General information
- Location: 13 Jaffray Street New Liskeard, Ontario Canada
- Coordinates: 47°30′32″N 79°41′10″W﻿ / ﻿47.5088374672157°N 79.68613501545425°W
- Owner: Ontario Northland Railway
- Line: Temagami Subdivision
- Tracks: 2

History
- Closed: 2012 (rail) March 4, 2016 (bus)
- Rebuilt: 2026 (planned)
- Former names: New Liskeard (until 2012)

Former service
| Preceding station | Ontario Northland Railway |  |  | Following station |
| Englehart toward Cochrane |  | Northlander |  | Cobalt toward Toronto |

Future service
| Preceding station | Ontario Northland Railway |  |  | Following station |
| Englehart toward Cochrane |  | Northlander (reopening late 2026) |  | Temagami toward Toronto |

Location

= Temiskaming Shores station =

Former railway station in Ontario, Canada

Temiskaming Shores station (formerly New Liskeard station) is a planned passenger rail station in Temiskaming Shores, Ontario, Canada. It will be served in the future by the restored Northlander passenger train operated by the Ontario Northland Railway.

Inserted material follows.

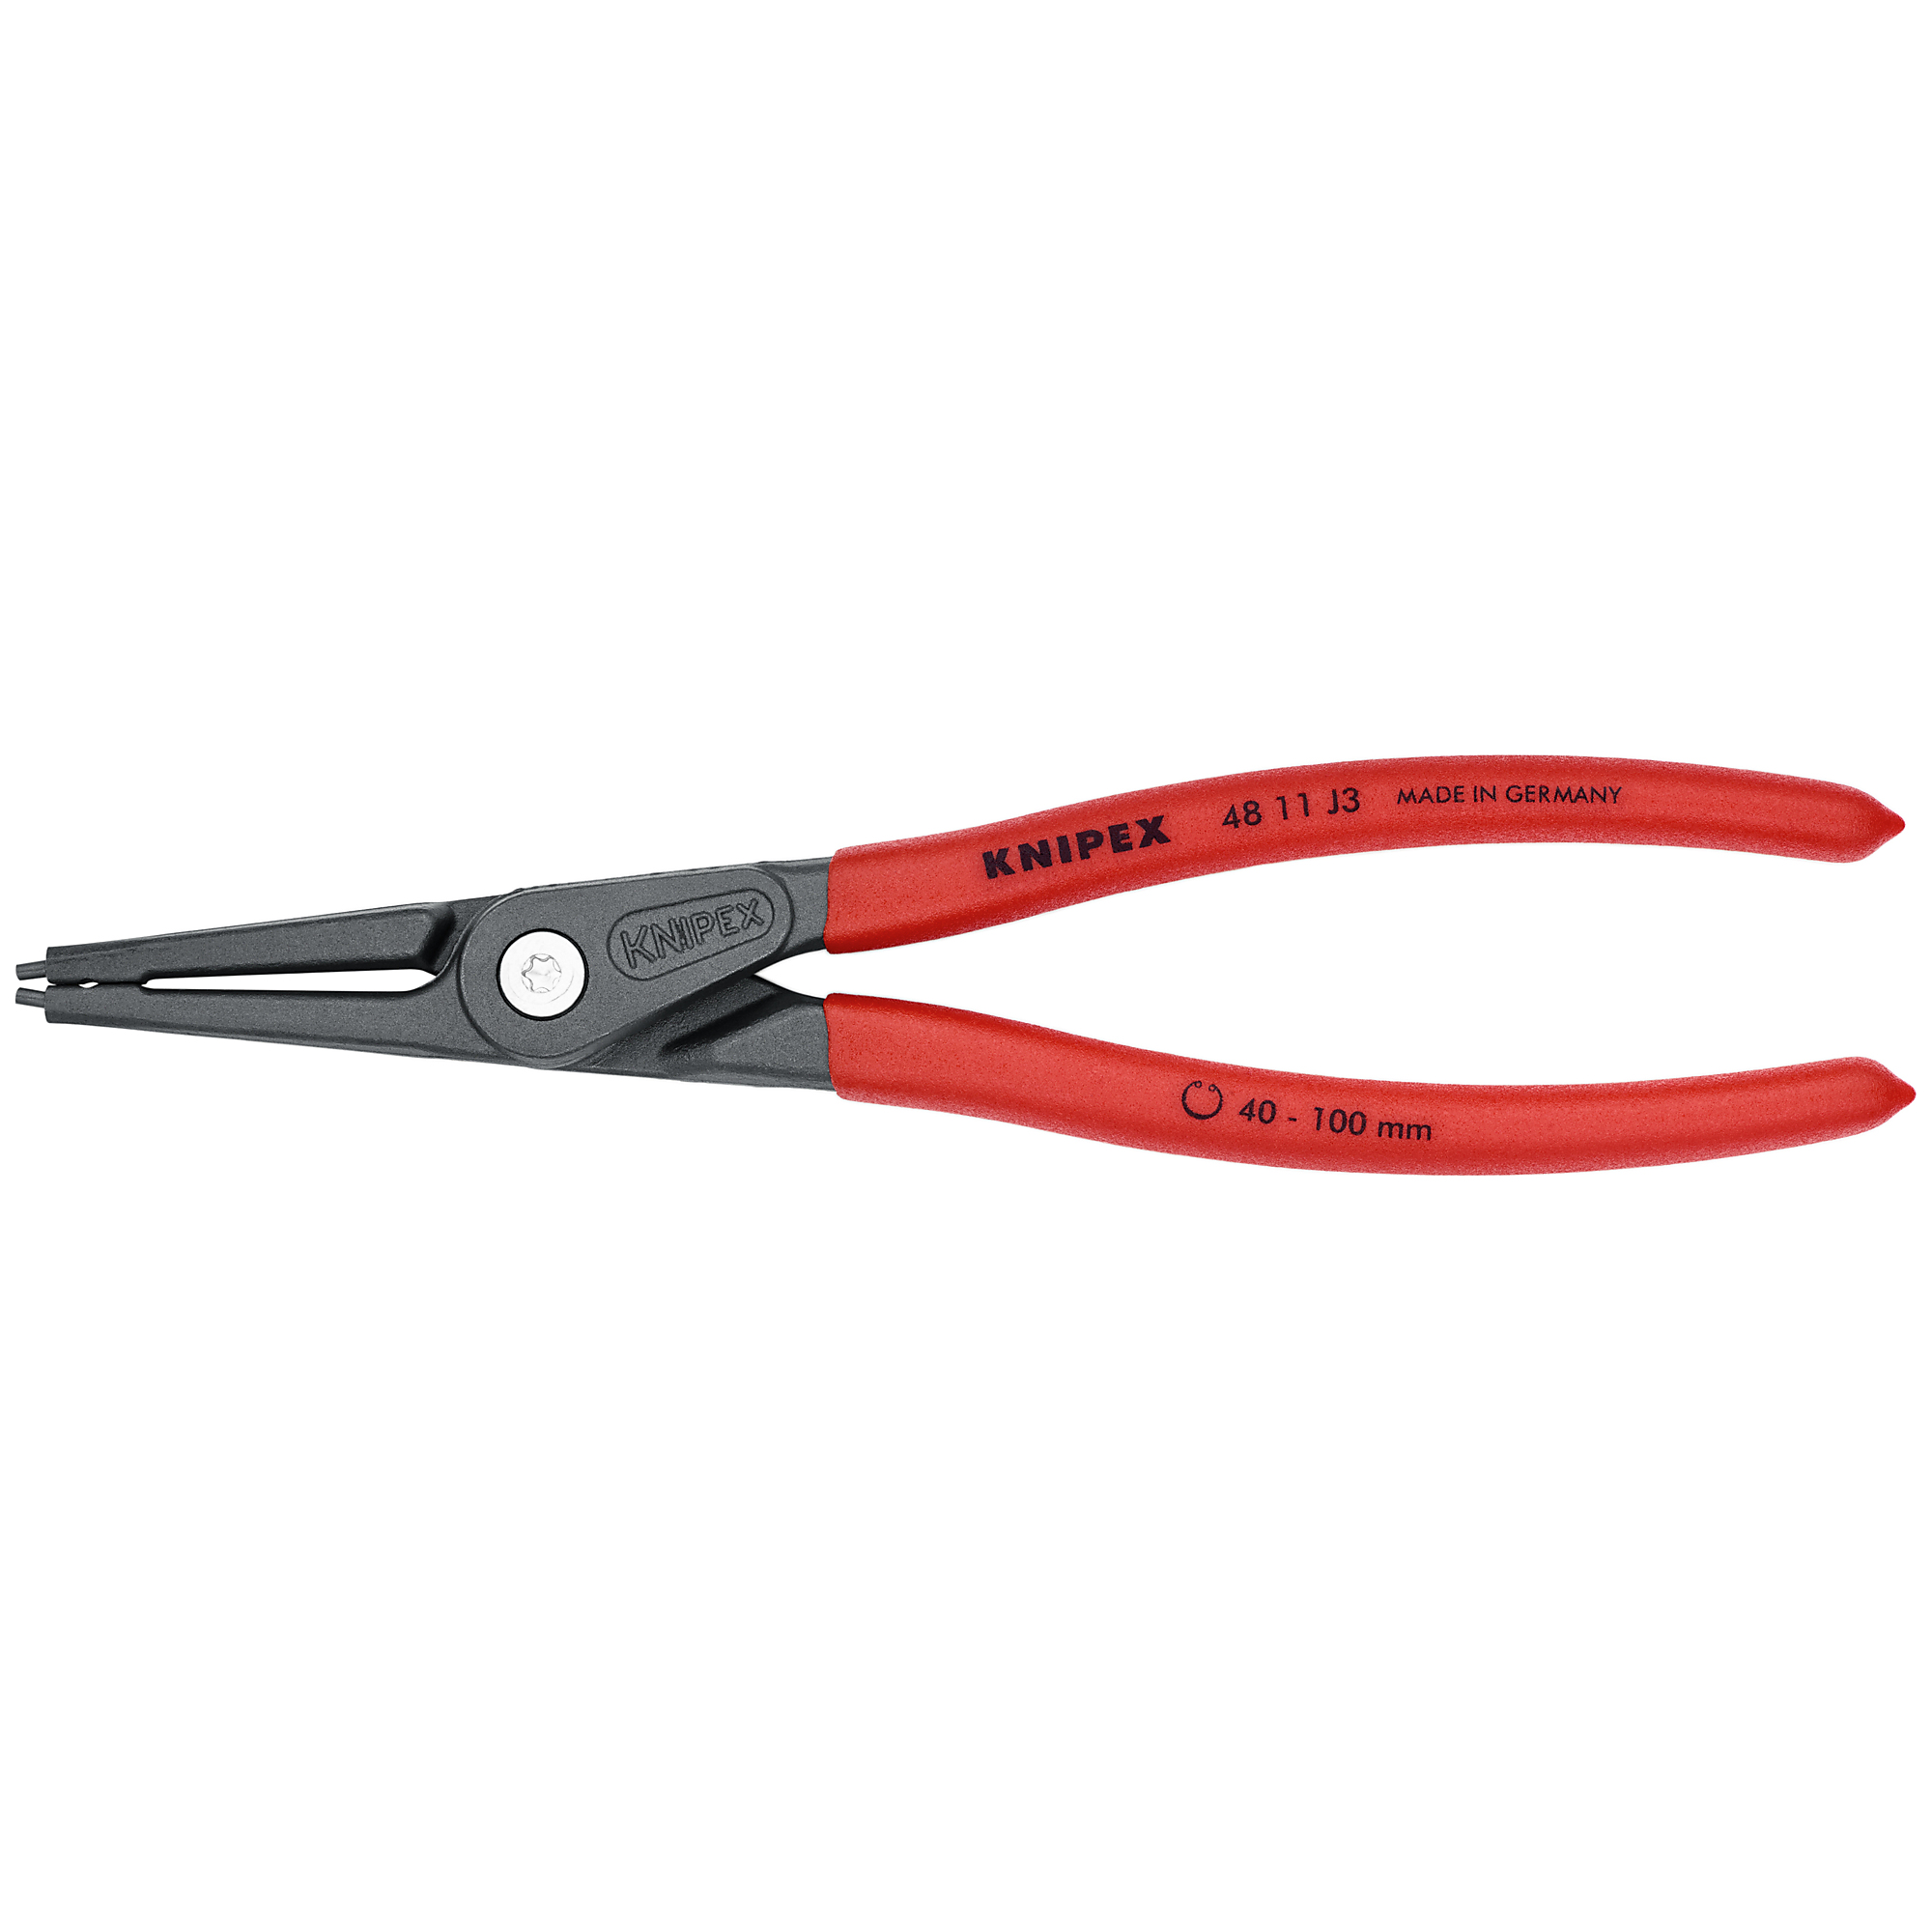 KNIPEX, Int Precision Snap Ring Pliers, 3/32 tip, 9Inch, Pieces (qty.) 1 Material Steel, Model 48 11 J3

The site formerly had a station for the Northlander passenger train until service was discontinued in 2012. It continued operating as a bus station for Ontario Northland Motor Coach Services until its full closure on March 4, 2016. The original station building was demolished in 2023.

Ontario Northland plans to reopen the site as Temiskaming Shores station as part of the restoration of Northlander passenger rail service scheduled for 2026. A new enclosed passenger shelter is planned for construction between 2024 and 2026. The station will be one of nine enclosed shelters planned along the restored Northlander corridor.